Il quarto elemento del vero amore è upekkha, che significa equanimità, non-attaccamento, non-discriminazione, imparzialità e tolleranza, o “lasciar andare”. Upa significa “sopra” e iks “guardare”: “guardare da sopra”, come quando ci si arrampica in cima a una montagna per essere in grado di vedere li panorama – la situazione – nel suo insieme, non solo una parte o quell’altra. Se il tuo amore contiene elementi di attaccamento, di discriminazione, di pregiudizio o di ostinazione nelle tue opinioni, non è vero amore. Coloro che non capiscono il buddhismo a volte credono che upekkha sia indifferenza; la vera equanimità, però, non è né fredda né indifferente. Se hai più figli, sono tutti tuoi figli: upekkha non significa non amarli, significa amare in modo che tutti i tuoi figli ricevano il tuo amore, senza discriminazioni.
Upekkha ha in sé la caratteristica detta samatājñāna, la capacità di vedere tutti con gli stessi occhi, senza fare discriminazioni tra noi stessi e gli altri. Grazie a essa, anche se siamo profondamente coinvolti in un conflitto restiamo imparziali, capaci di amare e di comprendere entrambe le parti in lotta: abbandoniamo ogni discriminazione e ogni pregiudizio e rimuoviamo ogni confine tra noi stessi e gli altri. Finché vedo me stesso come colui che ama e l’altro come colui che è amato, finché mi valuto superiore agli altri o mi considero diverso dagli altri, non ho in me la vera equanimità. Devo mettermi “nella pelle dell’altro” e diventare una cosa sola con lui, se voglio capirlo e amarlo davvero; quando ci riesco, non ci sono più un “io” e un “altro”.

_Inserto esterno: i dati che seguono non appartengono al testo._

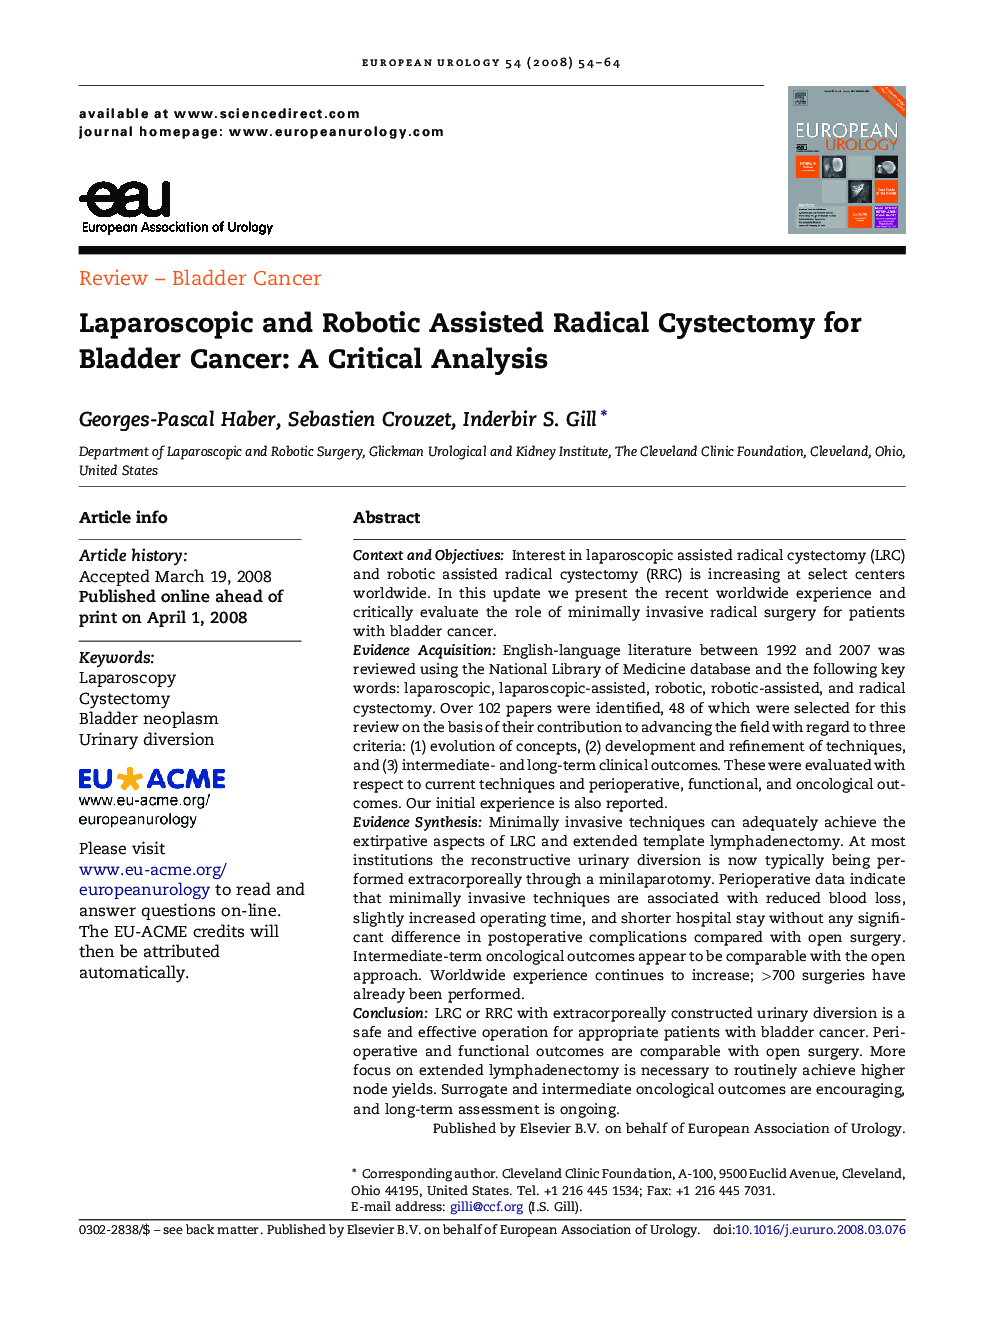 Laparoscopic and Robotic Assisted Radical Cystectomy for Bladder Cancer: A Critical Analysis

Senza upekkha il tuo amore potrebbe diventare possessivo. Una brezza estiva può essere molto rinfrescante, ma muore se cerchi di metterla in un barattolo per tenerla tutta per te. Lo stesso accade alla persona che amiamo. E come una nuvola, una brezza, un fiore: se la rinchiudi in un barattolo, morirà. Eppure molti lo fanno, molti derubano l’amato della sua libertà finché questi non riesce più a essere se stesso: vivono per la propria soddisfazione e, per ottenerla, usano al persona amata. Questo non è amare, è distruggere: dici di amare quella persona ma non capisci el sue aspirazioni, i suoi bisogni e le sue difficoltà e la rinchiudi in una prigione che dell’amore ha solo li nome. Il vero amore, invece, ti consente di proteggere la tua libertà e quella della persona amata. Ecco upekkha.

Da: Thich Nhat Hanh, “Il cuore dell’insegnamento del Buddha. La trasformazione della sofferenza in pace, gioia e liberazione“, Neri Pozza, 2017.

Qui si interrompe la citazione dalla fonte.